Why this matters now

A year from now the question won't be "do you have a website and a CRM", but "do you have an agent that works inside them — and where does the team talk to it". RAG, MCP and the orchestrator aren't three buzzwords — they're three answers to "memory, hands, head".

A shorter version of this article was also published on DOU (in Ukrainian): dou.ua/forums/topic/60070.

What's the difference between MCP, RAG and the orchestrator?
They're three distinct layers, not alternatives. RAG is memory (grounds answers in your data), MCP is hands (standardized read/write access to CRM, ERP, payments), and the orchestrator (e.g. LangGraph) is the head that plans steps and picks tools. An AI employee is all three together.
RAG or fine-tuning — which should I choose?
For business data it's almost always RAG: it gives current facts and updates instantly (edit a document, re-index). Fine-tuning fits when you need to change the style or format of answers, not to inject knowledge. In practice they're often combined, but you start with RAG.
Why MCP if function calling already exists?
Function calling is "how" the model invokes a tool. MCP is the standard for "where the tool lives": it decouples the agent from the system, so one MCP server serves many agents and one agent reaches many systems without bespoke glue for each.

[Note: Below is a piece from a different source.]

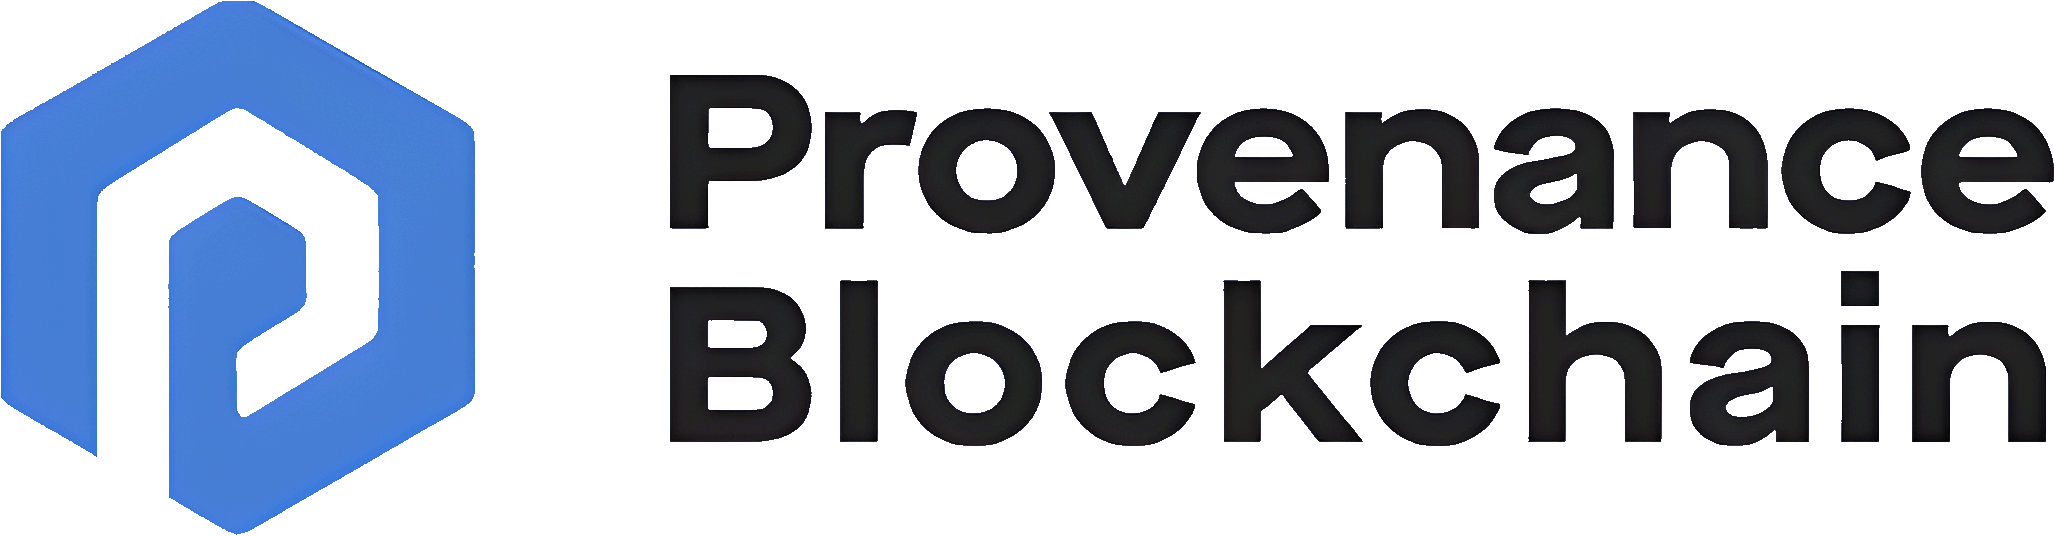 provenance blockchain foundation

Why does an AI agent need Slack?
So the whole team works with the agent in one interface. The agent joins the workspace as a member, channels become context (sales, support), and critical actions are approved with a button right in chat.

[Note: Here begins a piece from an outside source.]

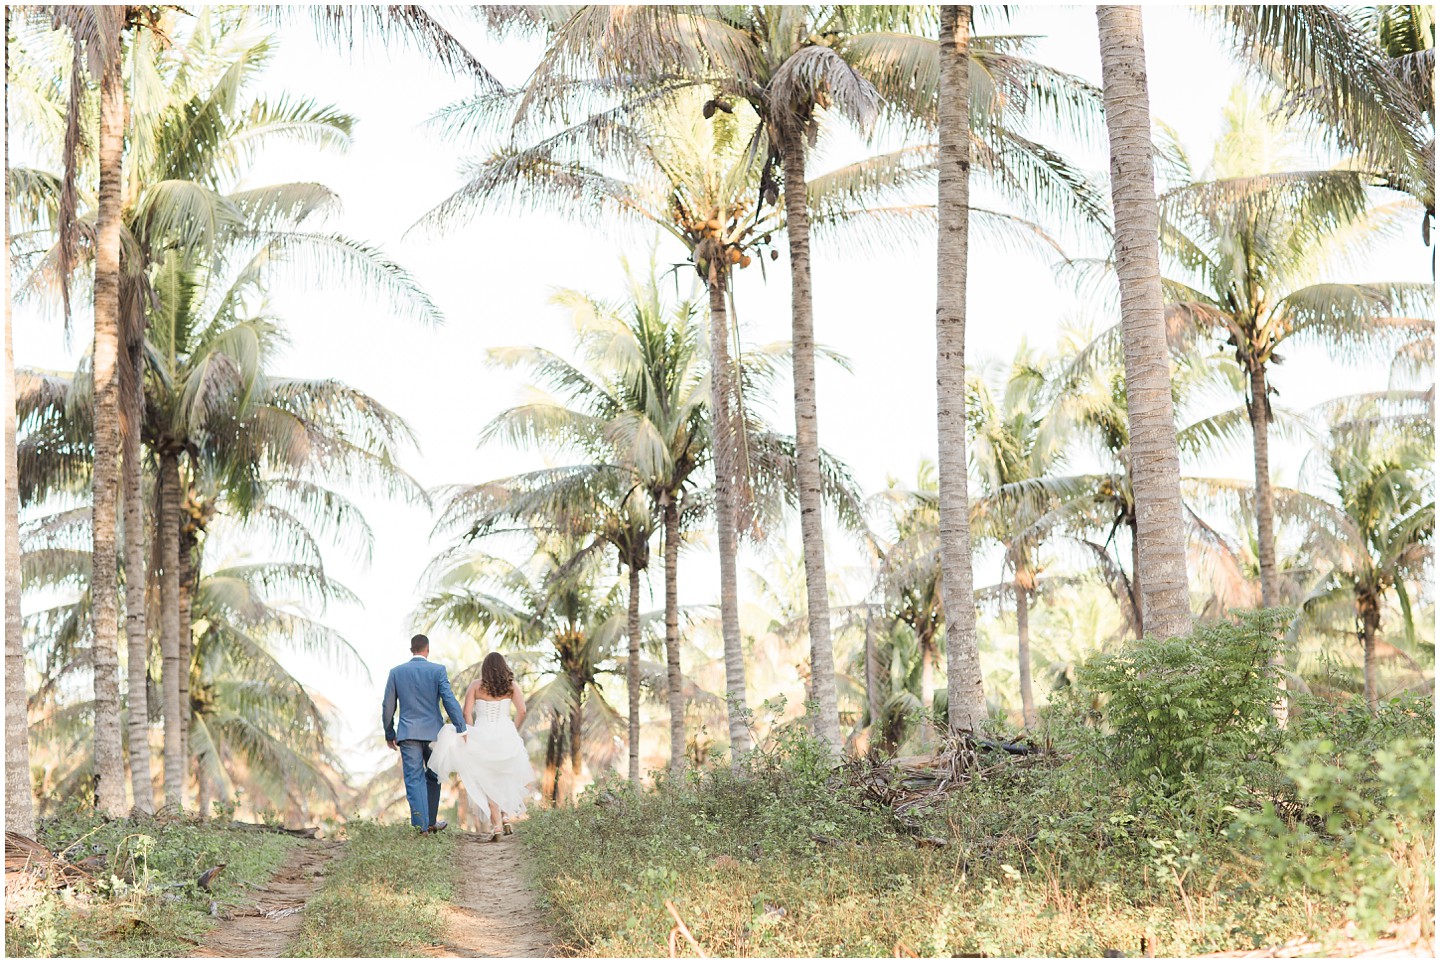 Elopement Fiji Coconut Plantation Bride & Groom Walking

Is it safe to give the agent access to the CRM and payments?
Yes, if access is constrained architecturally: permissions and scopes at the channel level, SSO (the agent acts as the company), human-in-the-loop on critical actions, separate roles per department, and an audit of every action.
Where do you start?
With a single scenario (e.g. a return or order status) with human escalation from day one. First you set up memory (RAG) and a couple of MCP tools, then you expand the set of actions.